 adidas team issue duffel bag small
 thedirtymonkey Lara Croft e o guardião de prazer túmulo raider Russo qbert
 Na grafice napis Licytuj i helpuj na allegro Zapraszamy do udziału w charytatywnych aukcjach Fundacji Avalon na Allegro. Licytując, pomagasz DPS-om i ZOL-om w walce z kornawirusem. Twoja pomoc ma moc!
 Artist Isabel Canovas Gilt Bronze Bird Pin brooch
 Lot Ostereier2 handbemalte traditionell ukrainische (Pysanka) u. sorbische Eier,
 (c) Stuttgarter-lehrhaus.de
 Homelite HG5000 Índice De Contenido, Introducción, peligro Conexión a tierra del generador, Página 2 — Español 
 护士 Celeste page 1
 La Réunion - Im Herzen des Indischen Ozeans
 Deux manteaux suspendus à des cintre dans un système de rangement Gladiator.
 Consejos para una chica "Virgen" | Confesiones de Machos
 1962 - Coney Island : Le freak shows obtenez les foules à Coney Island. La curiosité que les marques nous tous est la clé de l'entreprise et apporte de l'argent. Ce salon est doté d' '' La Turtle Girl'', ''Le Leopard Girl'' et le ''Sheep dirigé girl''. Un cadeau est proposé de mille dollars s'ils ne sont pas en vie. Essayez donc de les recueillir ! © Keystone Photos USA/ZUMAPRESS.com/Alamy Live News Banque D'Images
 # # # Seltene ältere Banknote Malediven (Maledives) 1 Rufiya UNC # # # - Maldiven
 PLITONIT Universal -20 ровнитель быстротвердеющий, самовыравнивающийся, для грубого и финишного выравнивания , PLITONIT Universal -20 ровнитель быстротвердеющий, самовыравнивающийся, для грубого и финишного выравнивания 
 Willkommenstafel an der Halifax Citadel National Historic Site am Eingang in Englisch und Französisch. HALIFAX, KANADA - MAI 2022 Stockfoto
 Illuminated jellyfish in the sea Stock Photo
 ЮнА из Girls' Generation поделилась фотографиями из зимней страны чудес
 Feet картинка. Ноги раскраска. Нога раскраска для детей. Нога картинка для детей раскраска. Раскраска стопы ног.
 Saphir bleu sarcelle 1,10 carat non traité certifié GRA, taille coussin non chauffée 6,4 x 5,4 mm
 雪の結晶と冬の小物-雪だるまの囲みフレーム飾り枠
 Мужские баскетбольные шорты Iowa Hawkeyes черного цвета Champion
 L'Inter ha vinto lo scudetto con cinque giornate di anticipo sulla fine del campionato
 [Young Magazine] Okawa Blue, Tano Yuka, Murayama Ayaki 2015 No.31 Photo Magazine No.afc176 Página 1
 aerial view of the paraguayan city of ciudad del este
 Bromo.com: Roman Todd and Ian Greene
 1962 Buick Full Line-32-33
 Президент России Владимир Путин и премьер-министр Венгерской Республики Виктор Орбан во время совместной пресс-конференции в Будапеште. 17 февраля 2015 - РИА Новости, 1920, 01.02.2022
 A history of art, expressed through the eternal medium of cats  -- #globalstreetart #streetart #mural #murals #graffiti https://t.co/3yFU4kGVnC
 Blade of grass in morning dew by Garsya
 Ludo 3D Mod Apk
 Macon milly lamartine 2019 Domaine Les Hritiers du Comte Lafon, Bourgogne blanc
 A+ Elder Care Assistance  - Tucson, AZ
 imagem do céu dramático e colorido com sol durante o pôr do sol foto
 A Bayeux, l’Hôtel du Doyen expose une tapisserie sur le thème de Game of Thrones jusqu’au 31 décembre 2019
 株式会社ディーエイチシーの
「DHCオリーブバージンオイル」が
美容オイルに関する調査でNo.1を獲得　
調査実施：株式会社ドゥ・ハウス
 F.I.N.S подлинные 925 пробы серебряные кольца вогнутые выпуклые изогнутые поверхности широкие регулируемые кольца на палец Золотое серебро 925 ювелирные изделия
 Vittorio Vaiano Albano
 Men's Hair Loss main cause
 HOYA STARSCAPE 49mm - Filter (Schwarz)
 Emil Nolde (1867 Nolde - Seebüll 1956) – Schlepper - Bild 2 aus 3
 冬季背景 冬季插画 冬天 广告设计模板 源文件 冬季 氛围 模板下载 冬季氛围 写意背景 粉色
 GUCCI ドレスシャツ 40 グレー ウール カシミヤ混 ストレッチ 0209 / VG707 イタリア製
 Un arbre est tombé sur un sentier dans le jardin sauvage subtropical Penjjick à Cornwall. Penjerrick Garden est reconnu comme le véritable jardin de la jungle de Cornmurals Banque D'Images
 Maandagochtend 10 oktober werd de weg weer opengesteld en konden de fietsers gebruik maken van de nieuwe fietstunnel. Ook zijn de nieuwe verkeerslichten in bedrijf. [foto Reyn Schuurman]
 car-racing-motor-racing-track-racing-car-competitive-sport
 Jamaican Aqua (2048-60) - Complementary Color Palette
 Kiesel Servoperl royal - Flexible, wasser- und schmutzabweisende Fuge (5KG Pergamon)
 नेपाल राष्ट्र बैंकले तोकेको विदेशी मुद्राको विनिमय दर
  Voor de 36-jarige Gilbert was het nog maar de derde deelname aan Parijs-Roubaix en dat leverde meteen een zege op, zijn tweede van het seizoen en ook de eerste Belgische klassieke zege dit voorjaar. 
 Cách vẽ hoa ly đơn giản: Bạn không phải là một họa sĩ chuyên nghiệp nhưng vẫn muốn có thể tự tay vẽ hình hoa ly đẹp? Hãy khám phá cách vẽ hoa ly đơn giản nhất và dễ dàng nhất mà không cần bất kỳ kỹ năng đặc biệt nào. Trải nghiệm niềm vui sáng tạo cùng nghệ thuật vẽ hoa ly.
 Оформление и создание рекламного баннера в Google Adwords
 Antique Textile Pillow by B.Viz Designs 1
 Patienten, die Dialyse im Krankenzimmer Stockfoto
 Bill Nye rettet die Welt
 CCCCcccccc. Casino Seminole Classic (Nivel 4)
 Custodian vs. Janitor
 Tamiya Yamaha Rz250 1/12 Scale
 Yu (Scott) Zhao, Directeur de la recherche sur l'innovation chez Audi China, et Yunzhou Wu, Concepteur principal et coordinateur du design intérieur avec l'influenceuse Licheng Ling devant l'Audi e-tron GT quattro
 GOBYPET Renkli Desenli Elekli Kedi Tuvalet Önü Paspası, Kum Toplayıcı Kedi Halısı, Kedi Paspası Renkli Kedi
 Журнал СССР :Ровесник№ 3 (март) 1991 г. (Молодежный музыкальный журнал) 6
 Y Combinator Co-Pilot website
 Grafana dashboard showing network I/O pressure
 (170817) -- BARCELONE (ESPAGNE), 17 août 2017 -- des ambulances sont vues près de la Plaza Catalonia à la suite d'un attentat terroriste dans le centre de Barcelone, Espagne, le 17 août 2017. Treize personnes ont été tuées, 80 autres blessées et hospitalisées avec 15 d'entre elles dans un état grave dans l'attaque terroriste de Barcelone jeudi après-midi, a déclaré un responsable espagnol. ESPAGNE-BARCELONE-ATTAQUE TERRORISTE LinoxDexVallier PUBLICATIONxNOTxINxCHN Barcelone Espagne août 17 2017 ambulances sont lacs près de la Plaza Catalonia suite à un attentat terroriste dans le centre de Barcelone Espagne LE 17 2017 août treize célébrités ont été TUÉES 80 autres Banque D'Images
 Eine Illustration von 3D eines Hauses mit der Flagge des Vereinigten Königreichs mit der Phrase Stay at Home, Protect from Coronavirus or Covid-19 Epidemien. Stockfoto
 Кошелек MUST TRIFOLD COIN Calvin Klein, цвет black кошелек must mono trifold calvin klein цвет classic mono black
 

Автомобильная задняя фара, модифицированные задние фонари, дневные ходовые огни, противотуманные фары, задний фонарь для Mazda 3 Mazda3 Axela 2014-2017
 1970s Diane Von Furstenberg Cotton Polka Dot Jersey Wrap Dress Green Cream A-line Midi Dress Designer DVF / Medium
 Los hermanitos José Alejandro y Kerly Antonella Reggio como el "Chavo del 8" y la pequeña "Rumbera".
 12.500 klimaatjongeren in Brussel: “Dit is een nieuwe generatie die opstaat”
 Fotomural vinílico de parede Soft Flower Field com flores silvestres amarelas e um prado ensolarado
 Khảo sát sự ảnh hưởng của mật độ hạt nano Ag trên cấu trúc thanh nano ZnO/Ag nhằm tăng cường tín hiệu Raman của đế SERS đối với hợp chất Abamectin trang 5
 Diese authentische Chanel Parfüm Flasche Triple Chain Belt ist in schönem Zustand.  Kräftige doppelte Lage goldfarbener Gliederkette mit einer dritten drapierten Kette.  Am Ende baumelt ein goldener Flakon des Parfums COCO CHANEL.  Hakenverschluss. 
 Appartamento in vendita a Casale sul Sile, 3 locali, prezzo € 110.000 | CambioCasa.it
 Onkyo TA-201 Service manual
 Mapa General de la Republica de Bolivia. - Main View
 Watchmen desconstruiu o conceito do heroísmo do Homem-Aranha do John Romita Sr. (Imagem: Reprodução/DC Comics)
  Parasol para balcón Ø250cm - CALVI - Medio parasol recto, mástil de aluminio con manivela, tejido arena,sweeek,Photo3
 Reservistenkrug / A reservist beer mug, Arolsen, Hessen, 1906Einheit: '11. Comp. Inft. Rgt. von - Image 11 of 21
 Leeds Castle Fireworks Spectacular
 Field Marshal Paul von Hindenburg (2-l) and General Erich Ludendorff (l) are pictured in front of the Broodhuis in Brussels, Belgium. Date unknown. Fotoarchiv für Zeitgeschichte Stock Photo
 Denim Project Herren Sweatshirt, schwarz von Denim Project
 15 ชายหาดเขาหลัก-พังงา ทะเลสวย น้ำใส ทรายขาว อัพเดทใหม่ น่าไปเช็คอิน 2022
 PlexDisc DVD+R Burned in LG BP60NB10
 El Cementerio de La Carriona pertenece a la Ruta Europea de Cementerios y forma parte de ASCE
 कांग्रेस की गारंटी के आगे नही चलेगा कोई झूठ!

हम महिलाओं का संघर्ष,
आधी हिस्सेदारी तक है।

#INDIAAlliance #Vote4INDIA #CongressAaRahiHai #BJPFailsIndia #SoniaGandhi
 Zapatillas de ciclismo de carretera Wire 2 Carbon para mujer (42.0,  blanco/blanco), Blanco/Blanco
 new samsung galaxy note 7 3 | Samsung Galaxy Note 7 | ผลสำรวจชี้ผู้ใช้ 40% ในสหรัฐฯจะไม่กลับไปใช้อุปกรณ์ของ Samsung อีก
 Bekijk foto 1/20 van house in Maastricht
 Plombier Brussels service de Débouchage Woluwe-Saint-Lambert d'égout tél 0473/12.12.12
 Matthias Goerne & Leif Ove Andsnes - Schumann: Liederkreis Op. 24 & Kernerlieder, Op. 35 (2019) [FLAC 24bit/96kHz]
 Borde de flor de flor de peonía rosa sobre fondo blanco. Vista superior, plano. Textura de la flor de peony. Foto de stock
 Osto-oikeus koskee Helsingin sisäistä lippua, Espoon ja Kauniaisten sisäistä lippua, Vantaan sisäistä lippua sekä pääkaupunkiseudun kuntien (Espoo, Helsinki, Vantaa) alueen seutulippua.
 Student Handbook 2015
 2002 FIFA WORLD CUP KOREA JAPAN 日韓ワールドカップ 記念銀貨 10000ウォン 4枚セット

-------------------------

- **BRIEF**
In the listing above, start at the line with "A+ Elder Care", go on through the line with "調査実施：株式会社ドゥ・ハウス", and copy each of those lines exactly; leave out all the rest.

- **TASK SOLUTION**
 A+ Elder Care Assistance  - Tucson, AZ
 imagem do céu dramático e colorido com sol durante o pôr do sol foto
 A Bayeux, l’Hôtel du Doyen expose une tapisserie sur le thème de Game of Thrones jusqu’au 31 décembre 2019
 株式会社ディーエイチシーの
「DHCオリーブバージンオイル」が
美容オイルに関する調査でNo.1を獲得　
調査実施：株式会社ドゥ・ハウス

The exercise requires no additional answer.